++++ Raw data
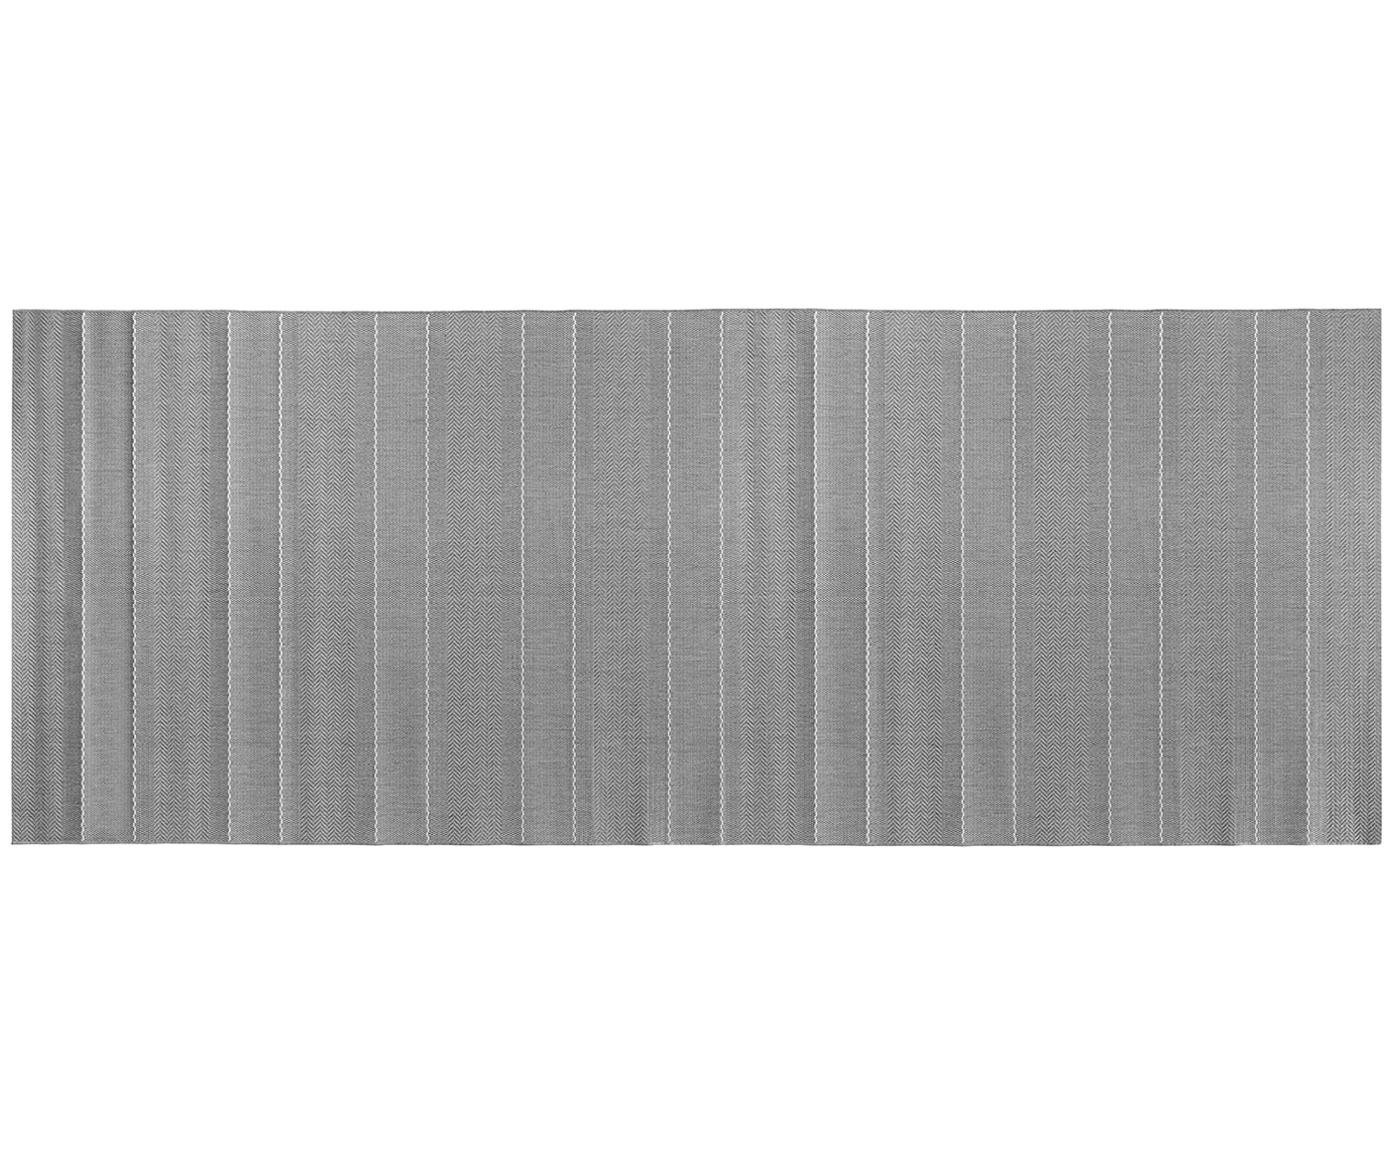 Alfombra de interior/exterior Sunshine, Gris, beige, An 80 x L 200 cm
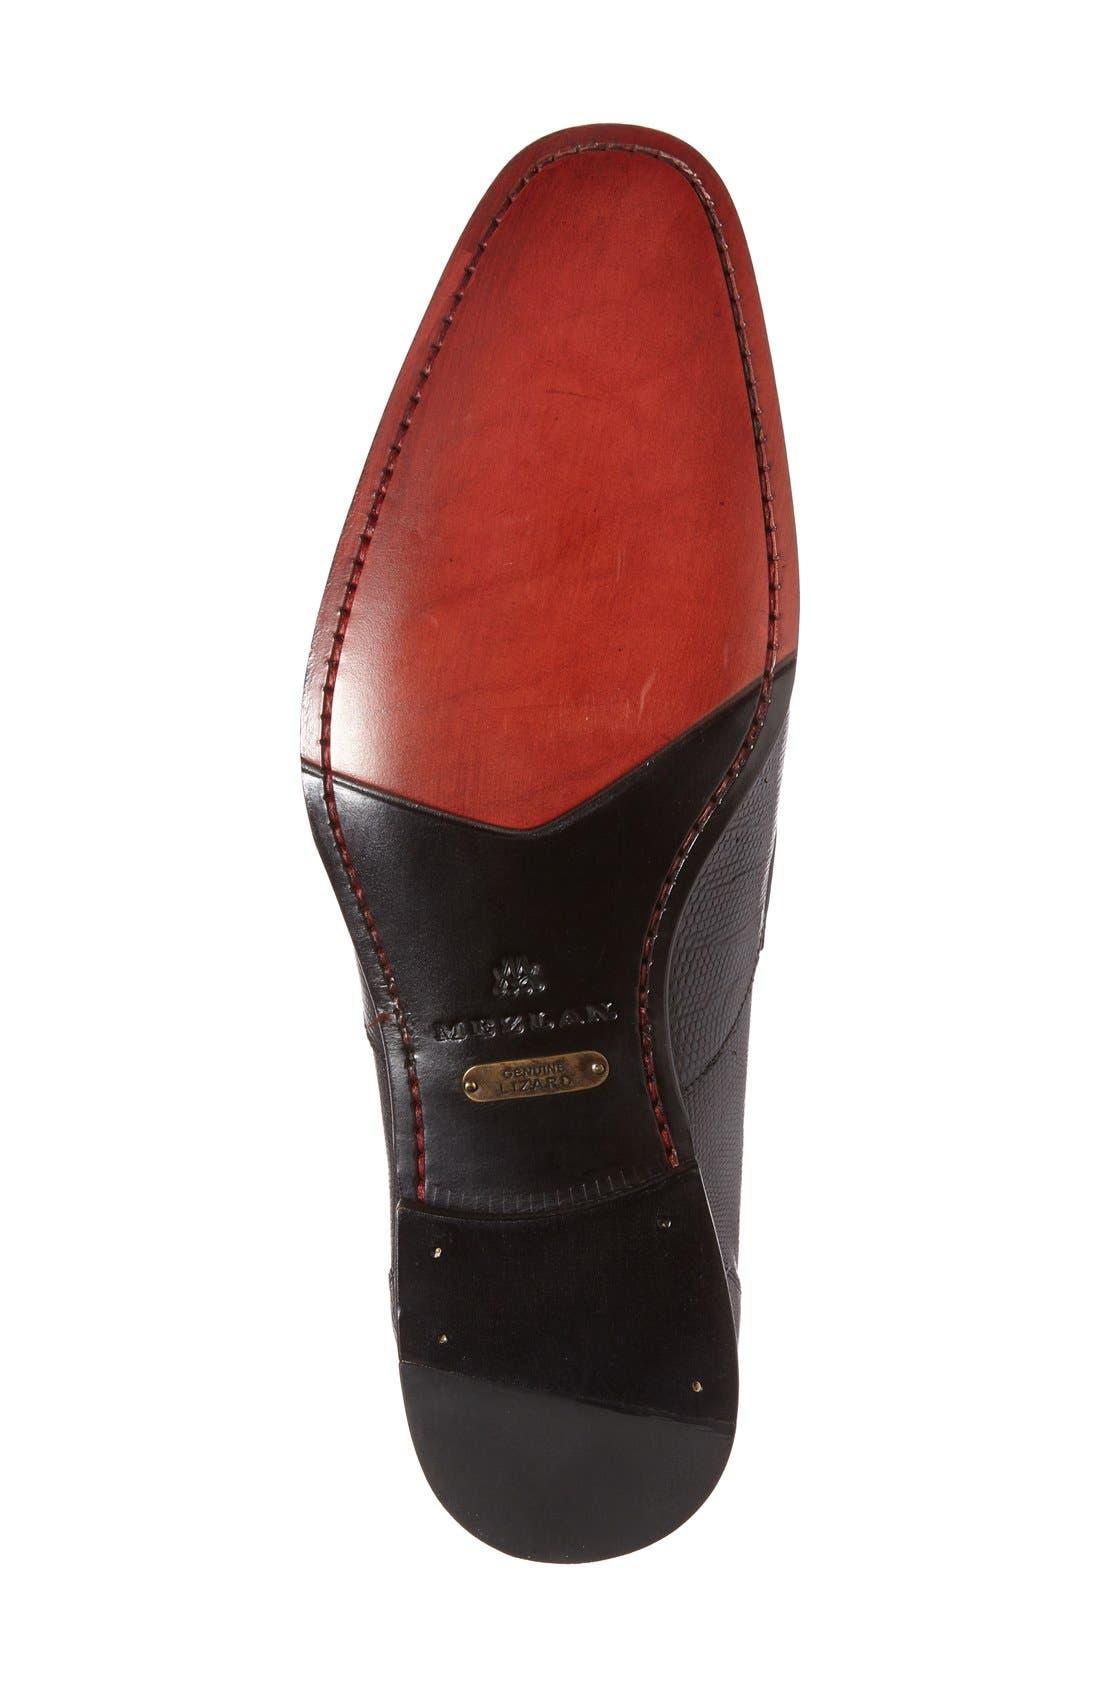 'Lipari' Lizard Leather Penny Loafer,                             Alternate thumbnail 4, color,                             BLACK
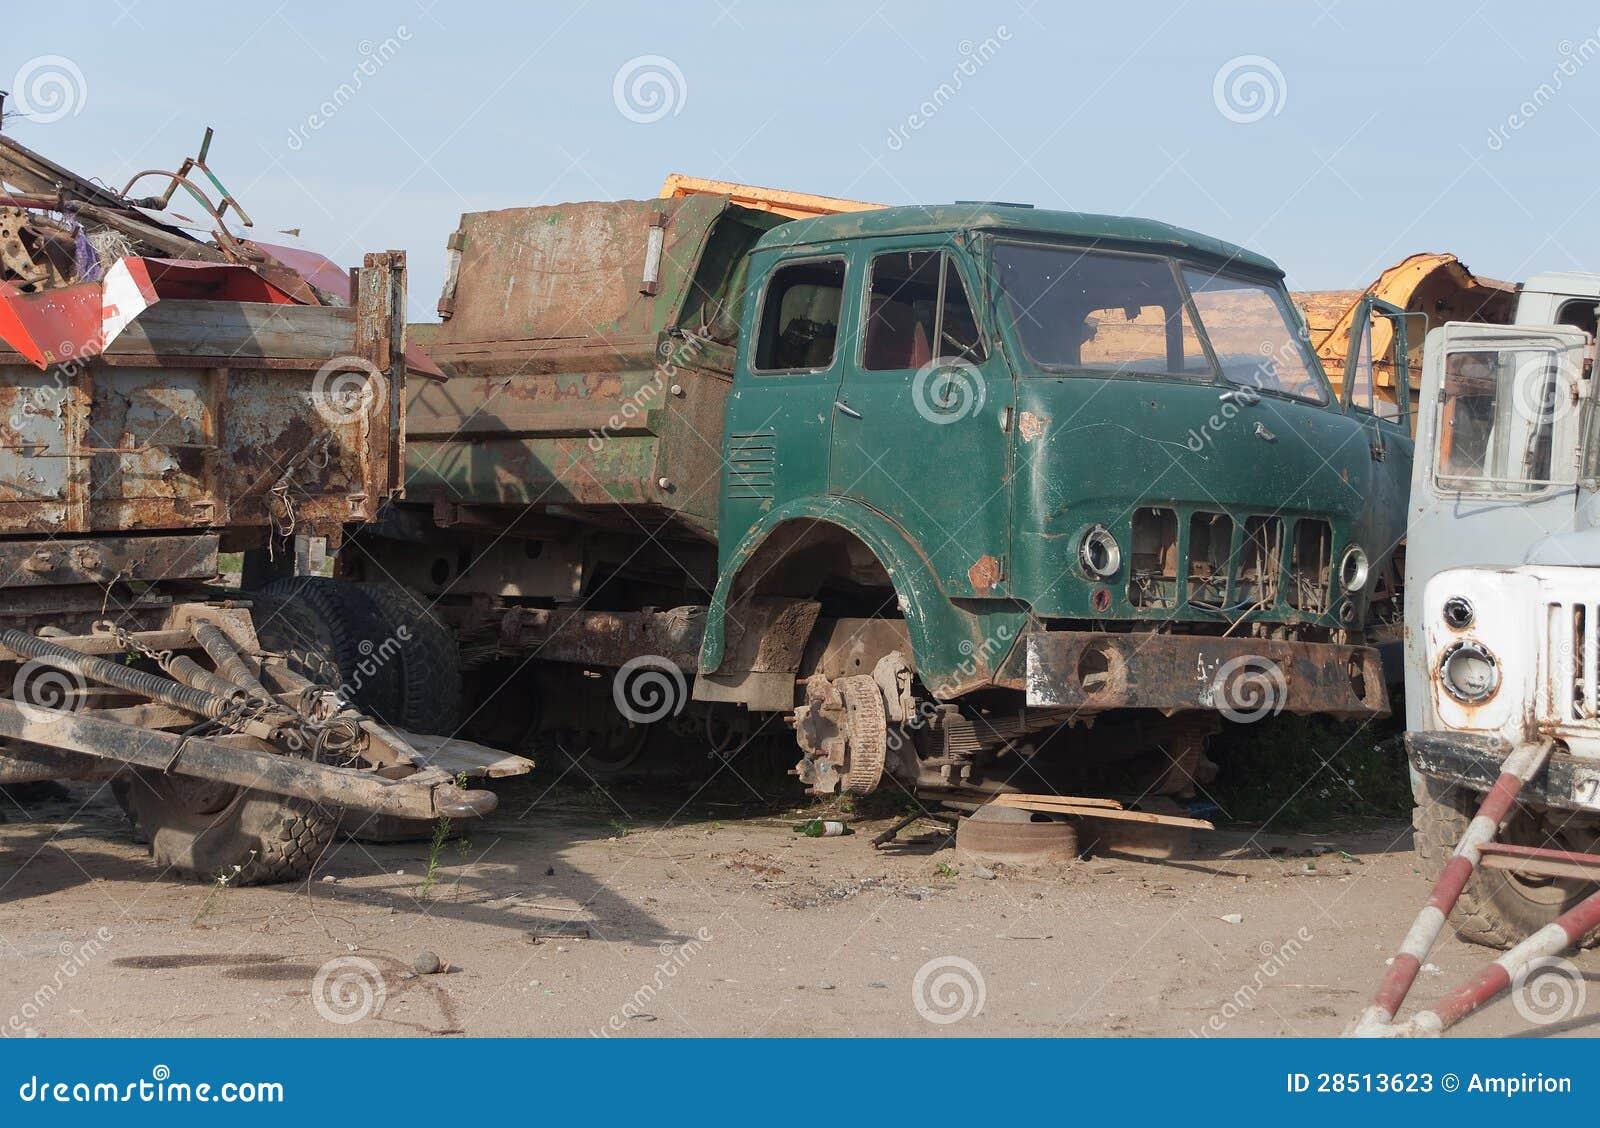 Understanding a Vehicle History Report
++++++++
- [Action item] Copy the data above word for word. Pictures stay out.

- [Result for this exercise]
 Alfombra de interior/exterior Sunshine, Gris, beige, An 80 x L 200 cm
 'Lipari' Lizard Leather Penny Loafer,                             Alternate thumbnail 4, color,                             BLACK
 Understanding a Vehicle History Report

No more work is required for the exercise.